Among the Quakers, banished from Massachusetts, was a family by the name of Southwick. October 19, 1658, the Southwicks were ordered to depart from the colony before the spring elections, namely, to depart in a New England winter; but having no way of going, except on foot, their cattle having been previously seized and sold to pay fines, and they left well-nigh penniless, they remained in the colony, and the following May, says Mr. Adams, “found them once more in the felon’s dock.” When arraigned, they asked what wrong they had done. The judges answered that they were rebellious for not going as they had been commanded. “The old man and woman piteously pleaded ‘that they had no otherwhere to go,’ nor had they done anything to deserve banishment or death, though?100 (all they had in the world) had been taken from them for meeting together.” 348
But their plea was of no avail. “The father, mother, and son, were banished under pain of death.” “But their misery was well-nigh done; they perished within a few days of each other, tortured to death by flogging and starvation.”
Whole columns might be written descriptive of the cruel injustice perpetrated upon inoffensive Baptists and Quakers in New England. The record of fines, imprisonment, whipping, and banishment, and hanging, is a long one; but we spare our readers.

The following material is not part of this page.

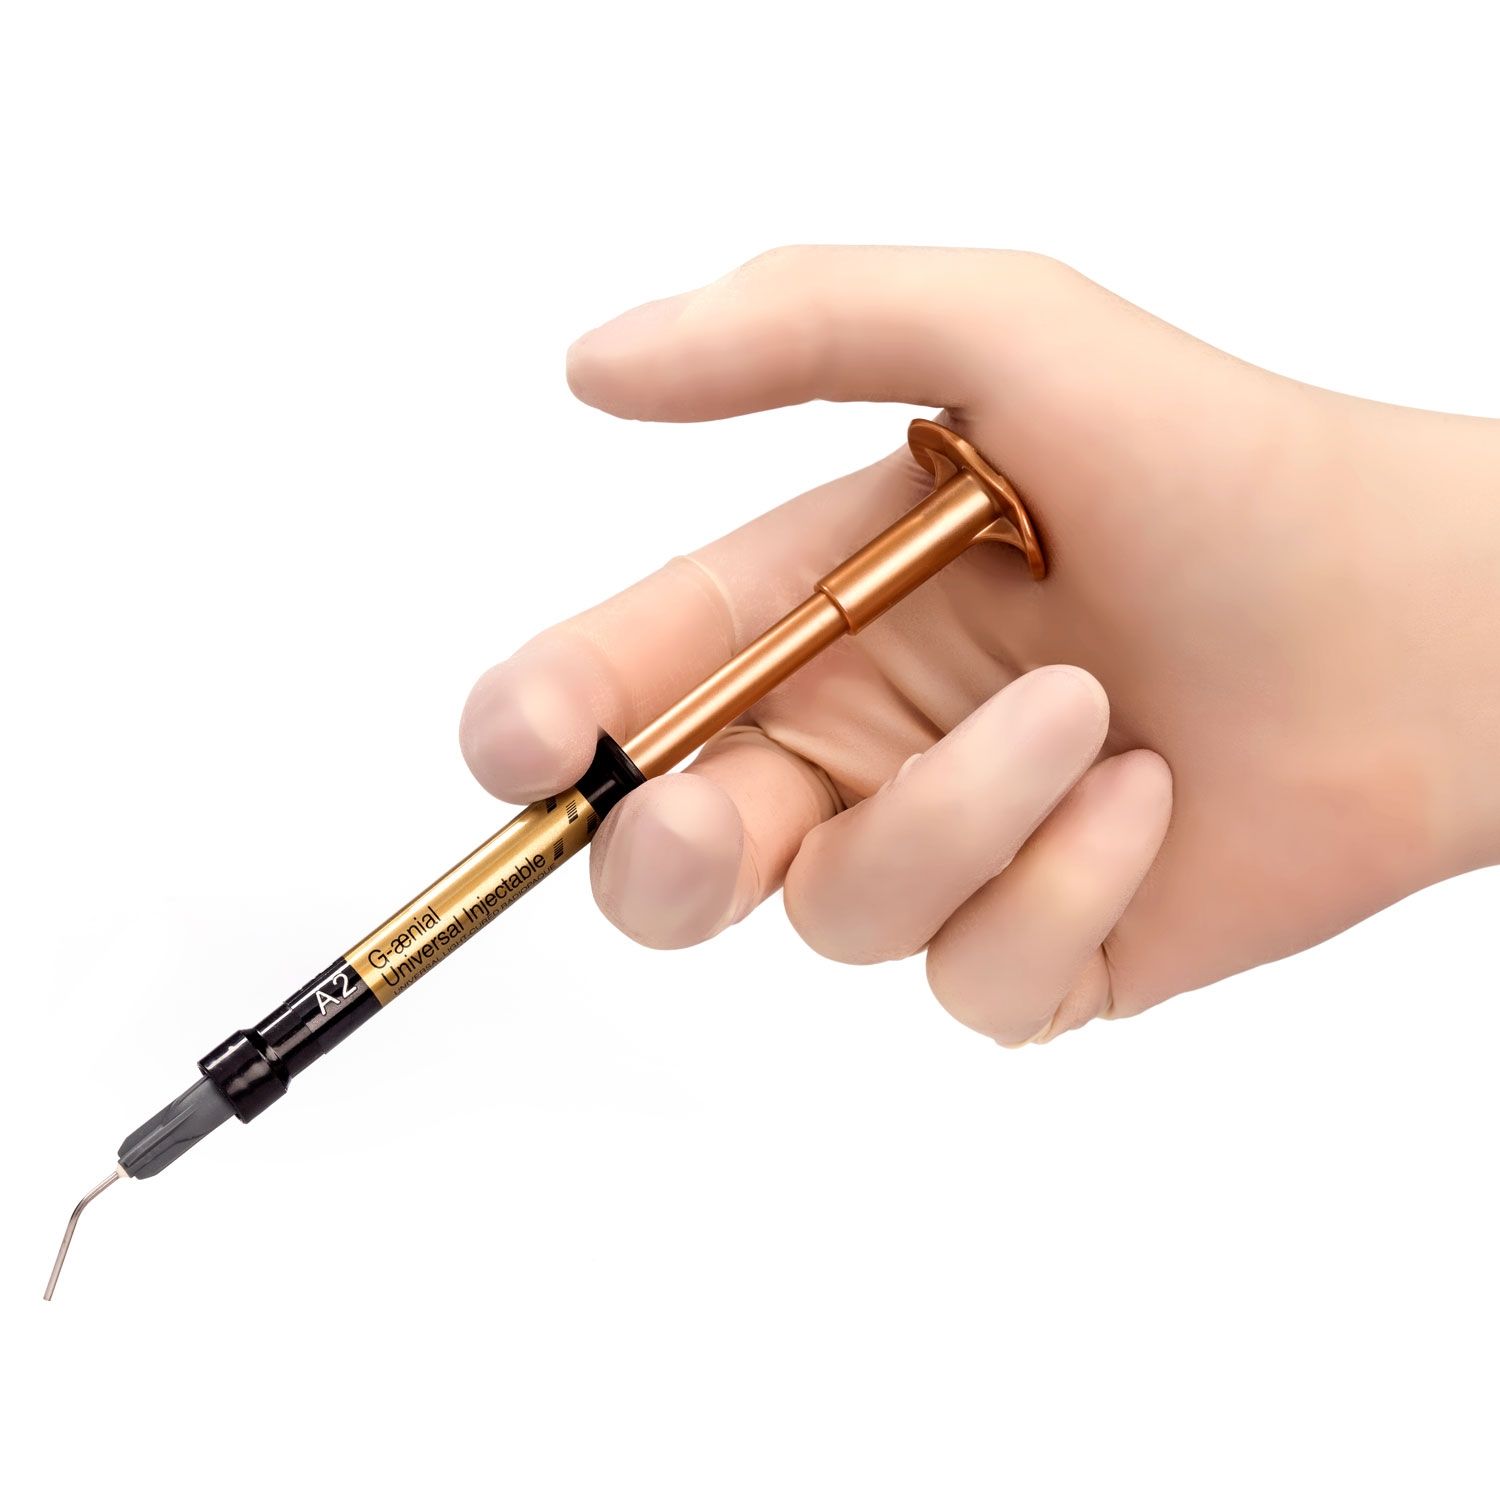 参比制剂,进口原料药,医药原料药 G-aenial Universal Injectable: 1ml Syringe - Shade BW

These details are revolting, and the reader wonders that such things could have taken place. But why regard with horror the dark records of injustice in past centuries, when in our own day similar scenes are enacted. Already fines have been imposed; imprisonment has been endured; innocent men have been driven in chain-gangs; banishment has been indirectly attempted; and whipping and death must soon follow. In scores of cases, it has been heartlessly said of Adventists—“If they do not want to conform to our customs, let them leave the country.” But where shall they go? The New England Baptists and Quakers had the trackless wilderness to which to flee. Roger Williams first found an asylum with the Indians, and subsequently settled in Rhode Island, founding a colony there. But where shall the persecuted Sabbath-keeper go? Were he to flee from the persecutions of civilized, “Christian” men, where are the savages with whom he might find refuge? where the wilderness in which he could plant a colony and make for himself a home?
Moreover, many of these people, if they were to go out at all, would have to go as our illustration shows the Quakers of New England going, stripped of all earthly possessions except the clothes on their backs. Injustice and oppression are robbing them of their goods, and when finally they are driven out, they will go penniless.

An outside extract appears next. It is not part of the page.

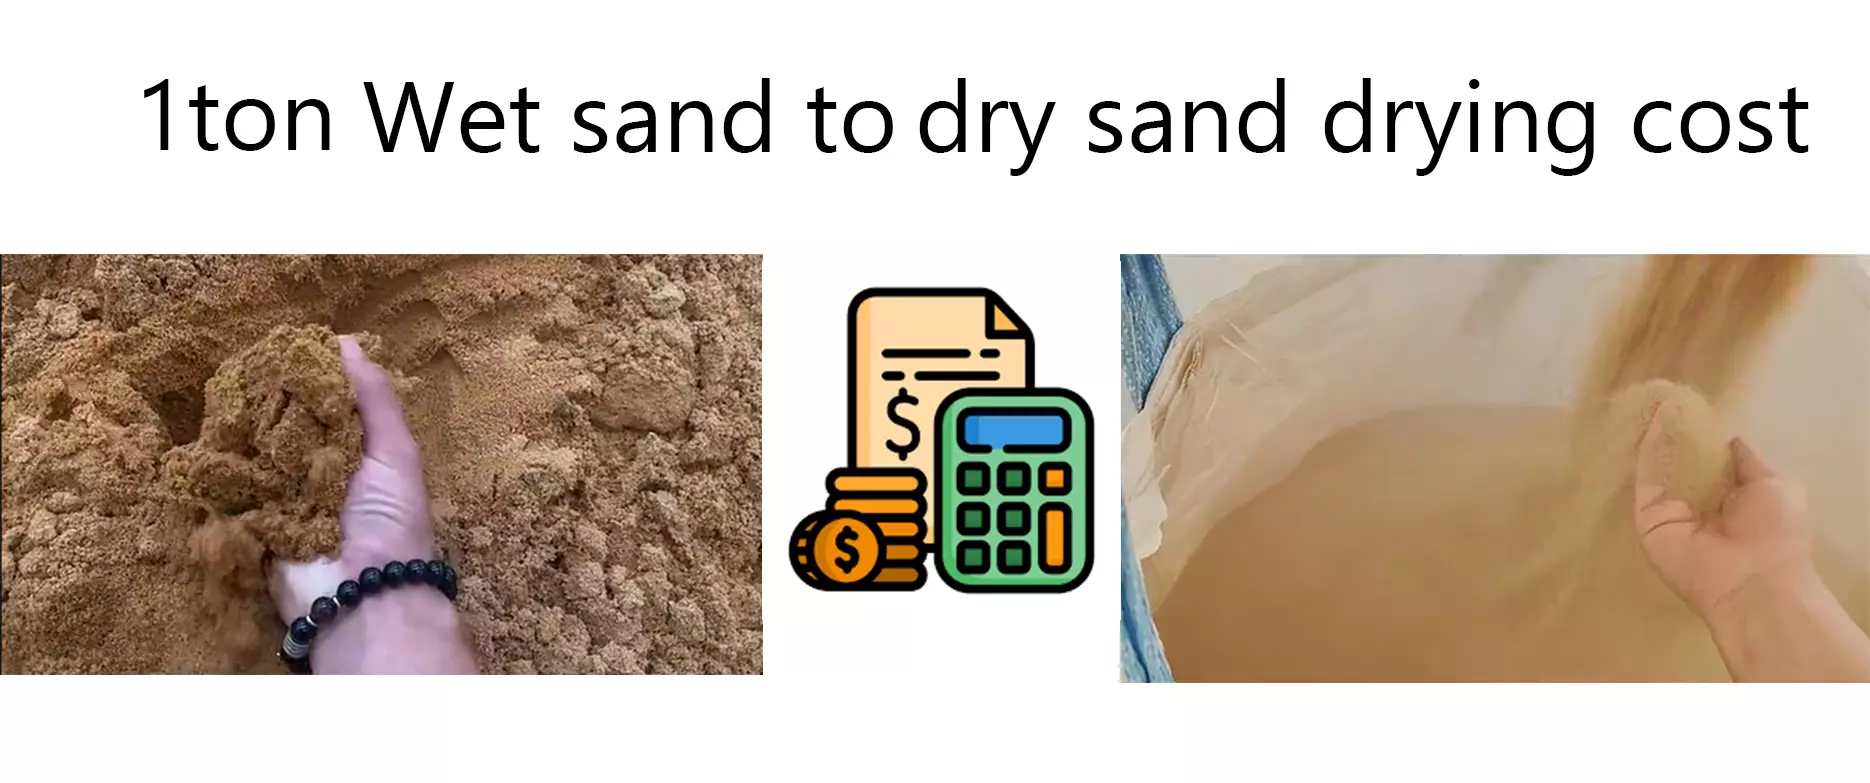 Analiza stroškov sušenja 1 tone mokrega peska v suh pesek

And yet this is neither China, nor Russia, nor Turkey; it is “free America;” neither are we living in the seventeenth century, but in the closing decade of the nineteenth, surrounded with all the influences of “Christian civilization,” warned by the history of the Dark Ages, and taught by the experience of a century of civil and religious liberty. But our boasted civilization, like Rome, is crumbling under its own magnificence; the light of liberty is going out, extinguished by human selfishness.
Is there, then, no hope? Yea, verily: God lives, and when his people, weaned from earth by the things that they suffer, cry day and night for deliverance, “he will avenge them speedily.” 349 “Be patient, therefore, brethren, unto the coming of the Lord. Behold, the husbandman waiteth for the precious fruit of the earth, and hath long patience for it, until he receive the early and latter rain. Be ye also patient; stablish your years: for the coming of the Lord draweth night.” James 5:7, 8.